Etykieta jest utrzymana w bordowo-żółtych barwach. Sam motyw jest dosyć daleko posuniętą inwencją twórczą grafika – mamy więc piwo w kieliszku, otoczonym przez kłosy zboża. Powyżej zaś widzimy dwie obłoki, jakby od wybuchu bomby atomowej ;). Całość więc prezentuje się trochę apokaliptycznie, co oczywiście koresponduje z nazwą piwa. Etykieta jest OK, ale nie budzi we mnie jakichś większych emocji ;).
Podobnie jest zresztą ze składem. Można o nim powiedzieć, że jest klasyczny, chociaż obawiam się, czy podbudowa słodowa nie będzie za bardzo karmelowa. Jak już wiele razy pisałem nie lubię american pale ale’i, które są zdominowane przez słodowość, przez co całość będzie sprawiała zbyt ciężkie wrażenie. Kompozycja użytych odmian chmielu też nie jest przesadnie oryginalna – no, może Iunga daje nieco powiewu świeżości, chociaż nie wiem, czy ona nie zniknie pod naporem Citry i Cascade’a.
Zanim przejdę do notki degustacyjnej, warto jeszcze zaznaczyć, że piwo jest niepasteryzowane, stąd ten stosunkowo krótki termin przydatności do spożycia, który upływa za około dwa tygodnie.
Piwo niepasteryzowane, niefiltrowane.
Data przydatności do spożycia: 09.02.2021
Wygląd: Głęboko złote, wpadające w jasny bursztyn.
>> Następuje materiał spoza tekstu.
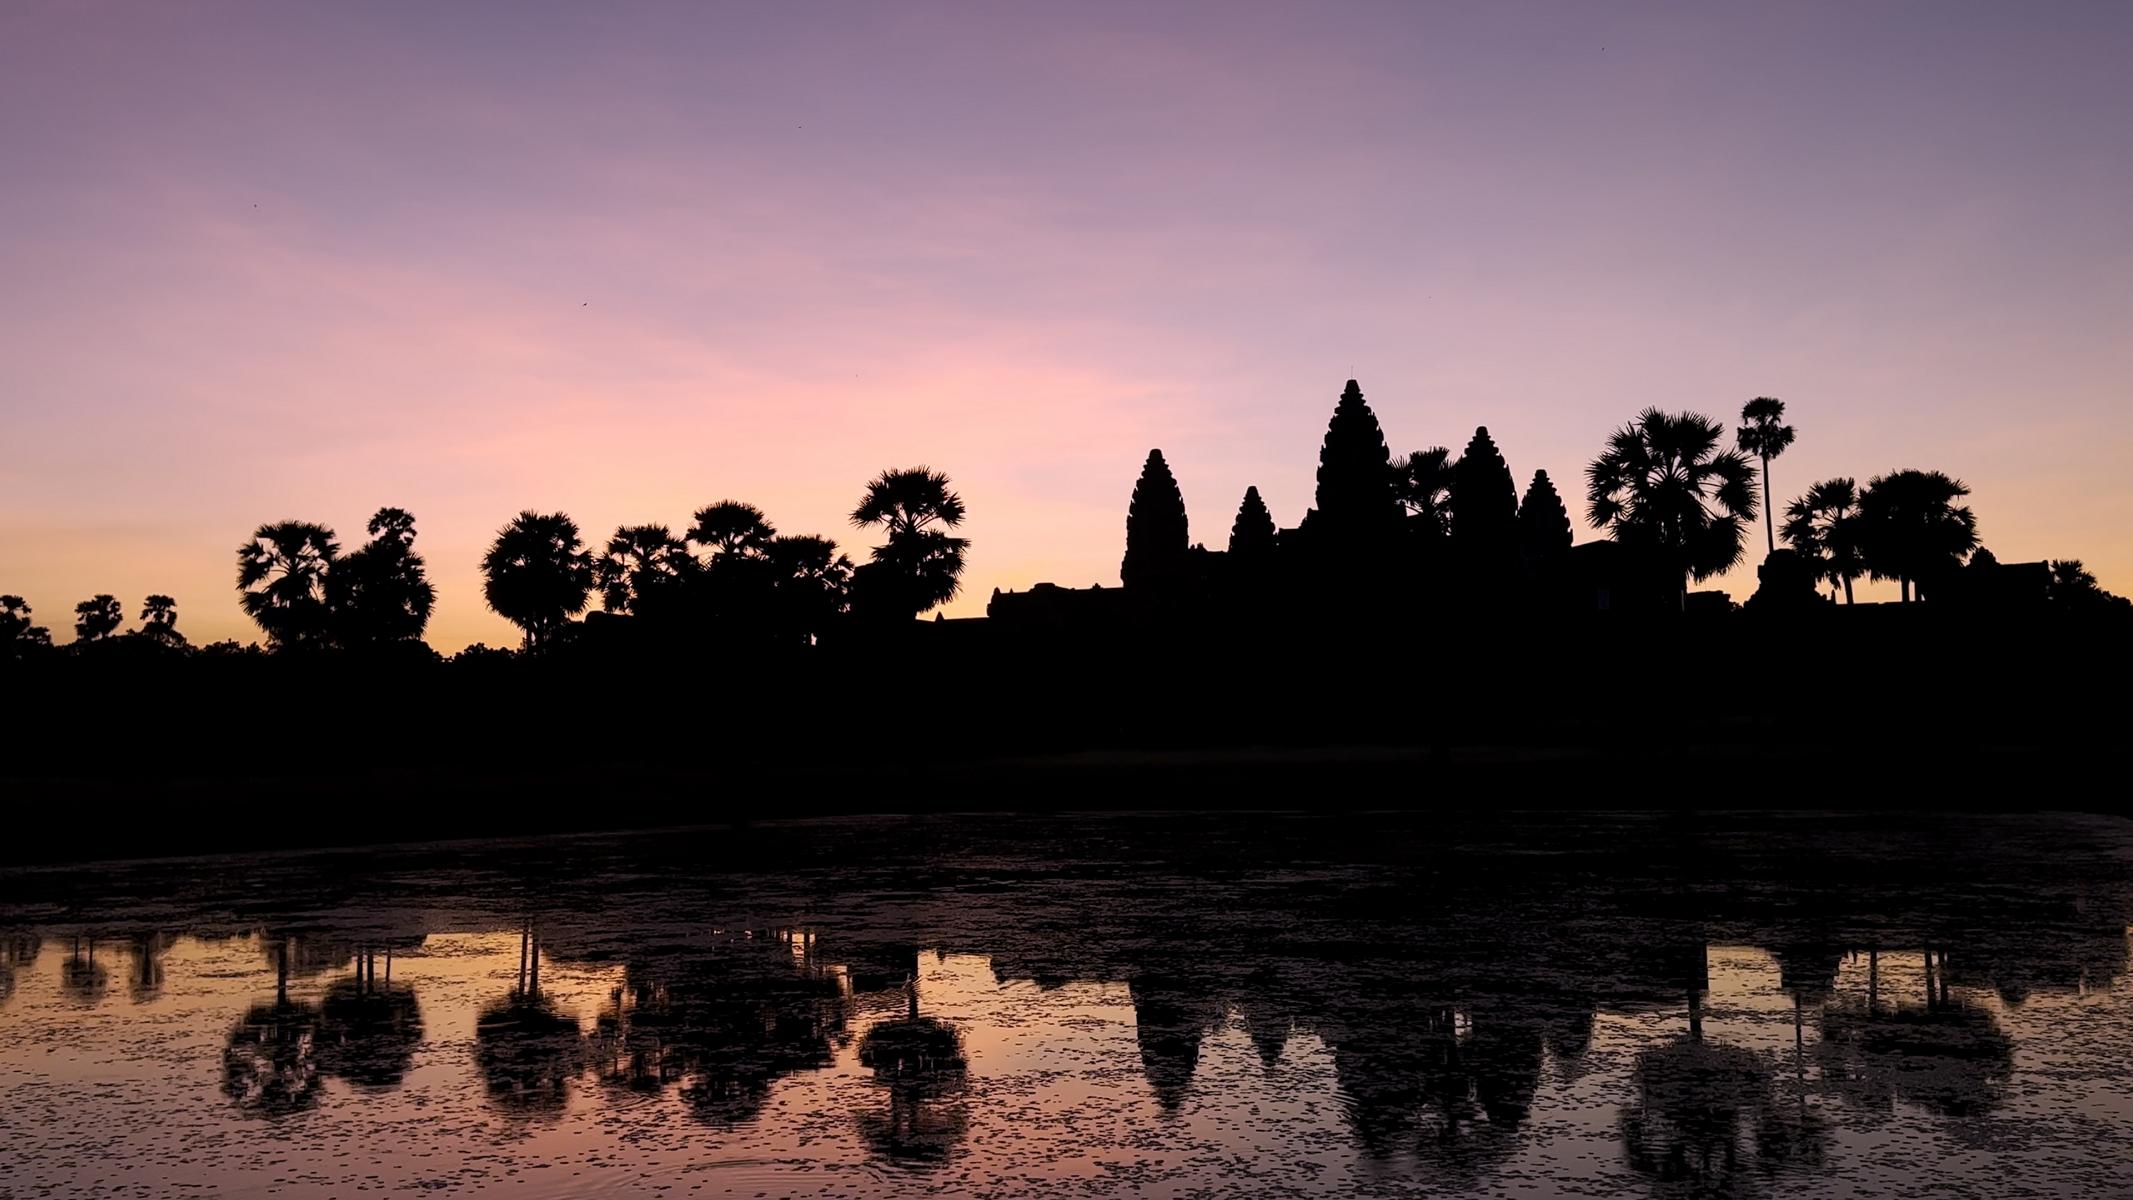 Angkor (23)

Piana: Wysoka. Koloru przybrudzonej bieli. Drobno- i średniopęcherzykowa. Trwała, zostawia niezły lejsing.
Aromat: Chmielowy, owocowy, lekko żywiczny, z nutką ziołową.
Smak: APAkalipsa to wyraźnie słodowe american pale ale, z lekko karmelowymi nutami. Słodowość jest na pierwszym planie, ale już po chwili jest ona kontrowana nutami chmielowymi – wyraźnymi cytrusami (m.in słodki grejpfrut, żywica iglaków). Na finiszu intensywna, długa ziołowa goryczka, która trochę zalega w gardle.
Wysycenie: Dość wysokie.
APAkalipsa to niezłe piwo, choć jak dla mnie trochę zbyt słodowe, wpadające w karmelowość. Zdecydowanie bardziej wolę te bardziej wytrawne, orzeźwiające „apy”. Chmielowość jest przyjemna, choć daje nieco zalegającą, średnio przyjemną goryczkę. Zapowiadanej w morskiej opowieści czarnej porzeczki od Iungi nie wyczułem.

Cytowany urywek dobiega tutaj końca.